認出了陳敏兒後,袁大人的态度明顯轉變,口氣也緩和了下來:“堂下所立之人姓甚名誰何處任職,一一報來。”
陳敏兒嘴角勾起一抹不易察覺的冷笑,這位袁大人的記性還不錯嘛!認得她了?
“在下禦醫院尚醫局副局使陳禦醫陳敏兒。”
“在下禦醫院針灸科科正韓禦醫韓少元。”
“奴家禦醫院醫士沈如瀾。”
三人俱是不卑不亢報出了自己的姓名職務。
袁大人的心突突地跳,三個人兩位神針,都是國寶啊!這事弄得,那杜禦史怎麽搞的?好端端的找他們麻煩作甚?
“聽說你們在十裏鋪非法行醫,可有此事?”袁大人問。
陳敏兒道:“大人,所謂非法行醫,是指無行醫資格而行醫,或是借醫術行騙賣假藥大肆斂财,我等乃是禦醫院禦醫,具備行醫資格,且我等辦的是義診,不收患者一個銅子,何來非法行醫一說?還請大人明察。”

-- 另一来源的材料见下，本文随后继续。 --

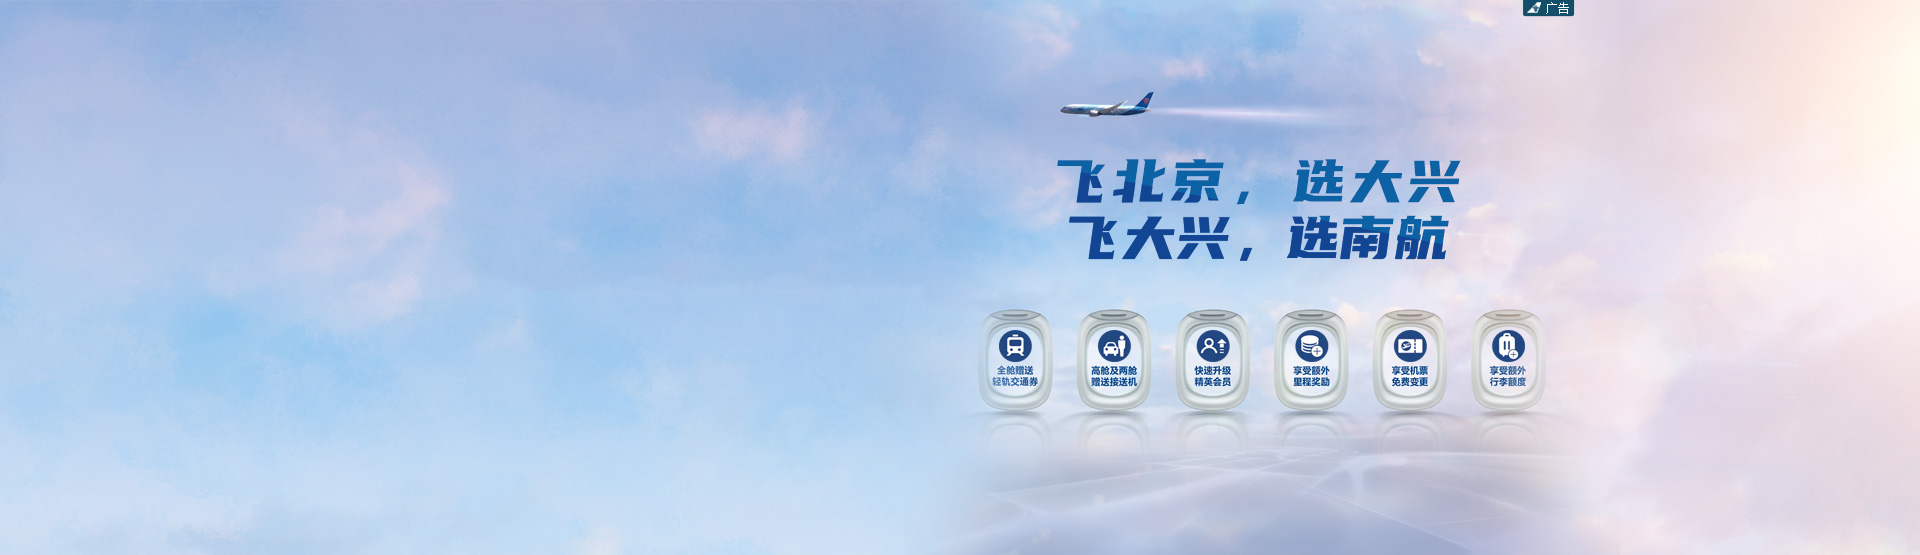 中国南方航空官网 机票查询 机票预定 航班查询
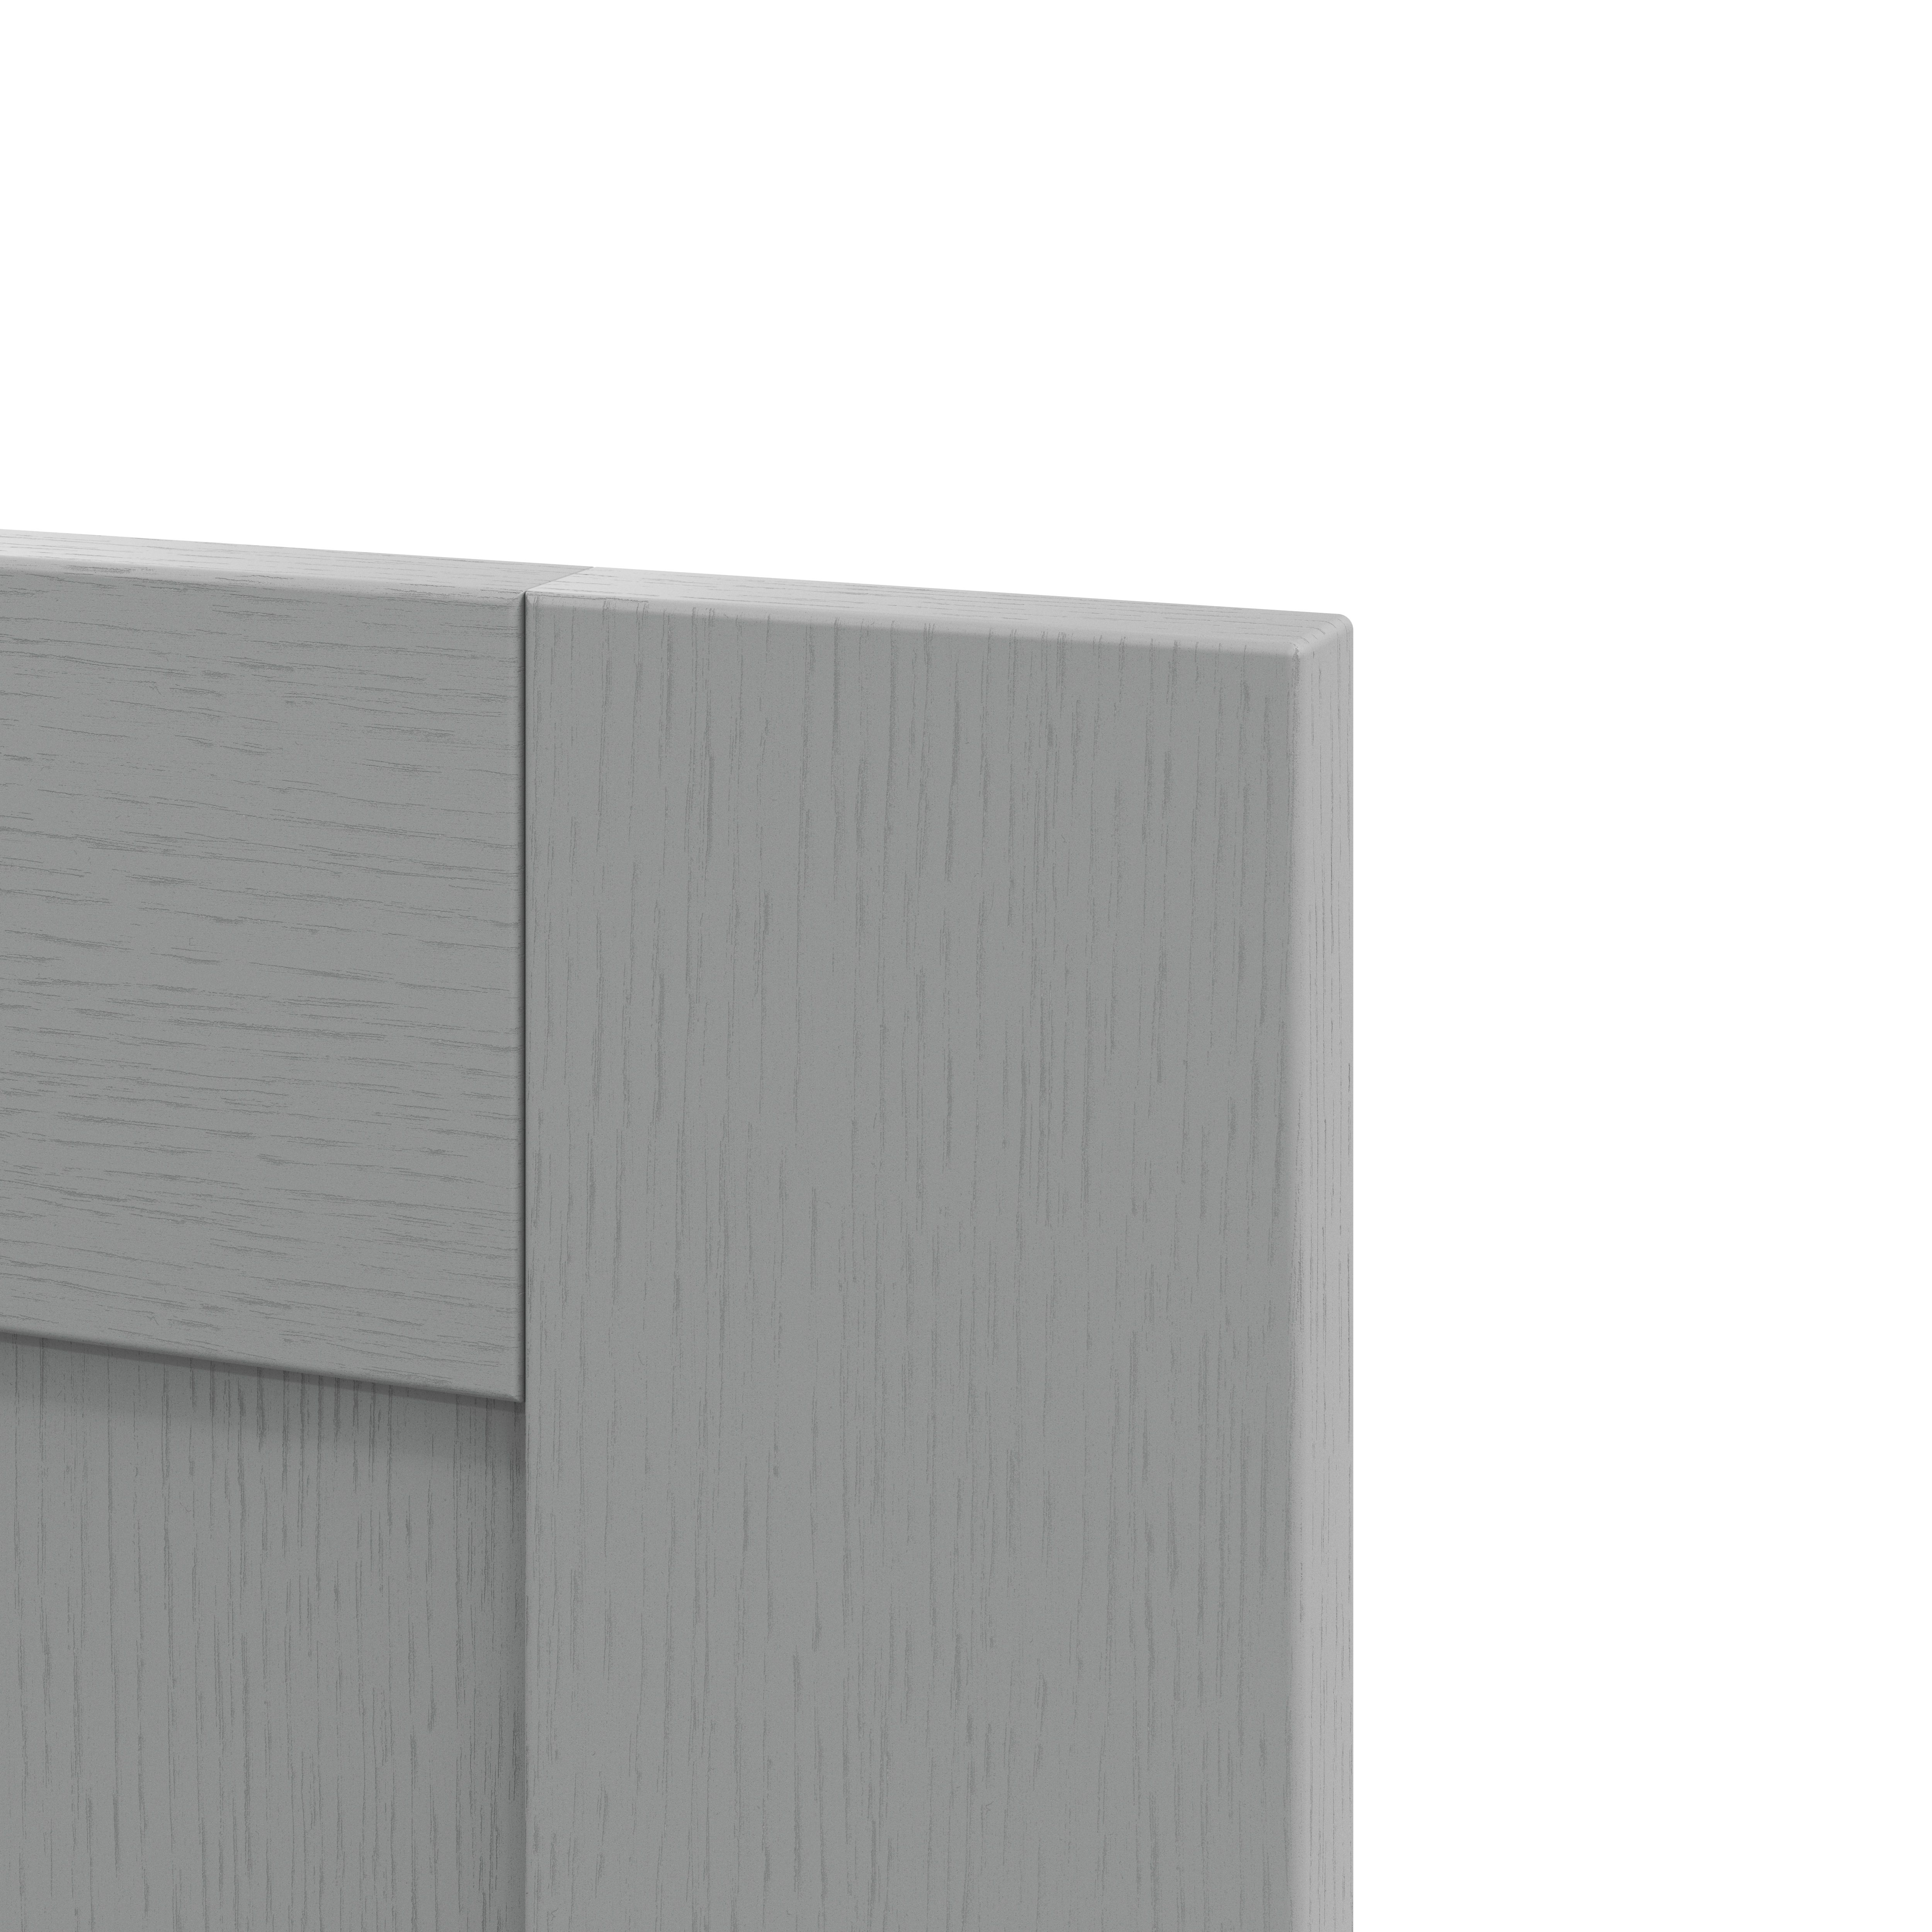 GoodHome Alpinia Matt Slate Grey Painted Wood Effect Shaker Appliance Cabinet door (W)600mm (H)626mm (T)18mm

袁大人看着外頭擠的水洩不通的老百姓,心知陳敏兒所言不假。
“爾等既是禦醫,如何給老百姓看病?”袁大人問,按理禦醫院禦醫是不能随意給外頭的人看病的。
“大人,禦醫院是有規定不得随意出診,但那隻是指在禦醫院工作期間,爲了規範禦醫院的制度,現在是在下的休假期間,在下是十裏鋪人,爲鄉親們做點事回饋鄉裏有何不可?”陳敏兒道。
韓少元說:“誰說禦醫出了禦醫院就不得給人看病了?禦醫院史院長還每月必去華家針灸館給人針灸呢!許閱許禦醫還開了回春堂呢!楊副院使家還做藥材采辦呢!我們幾個給人看個病又算得了什麽?”
袁大人聽得頭皮陣陣發麻,好像也是,律法并沒有明确規定說禦醫就不能給老百姓治病了,一直以來都隻是大家的思維定勢,覺得禦醫就該給宮裏的主子或是王公大臣看病。
“爾等有行醫資格,又是義診,且不追究,但那幾個又是誰?”袁大人把矛頭指向了二妞等人。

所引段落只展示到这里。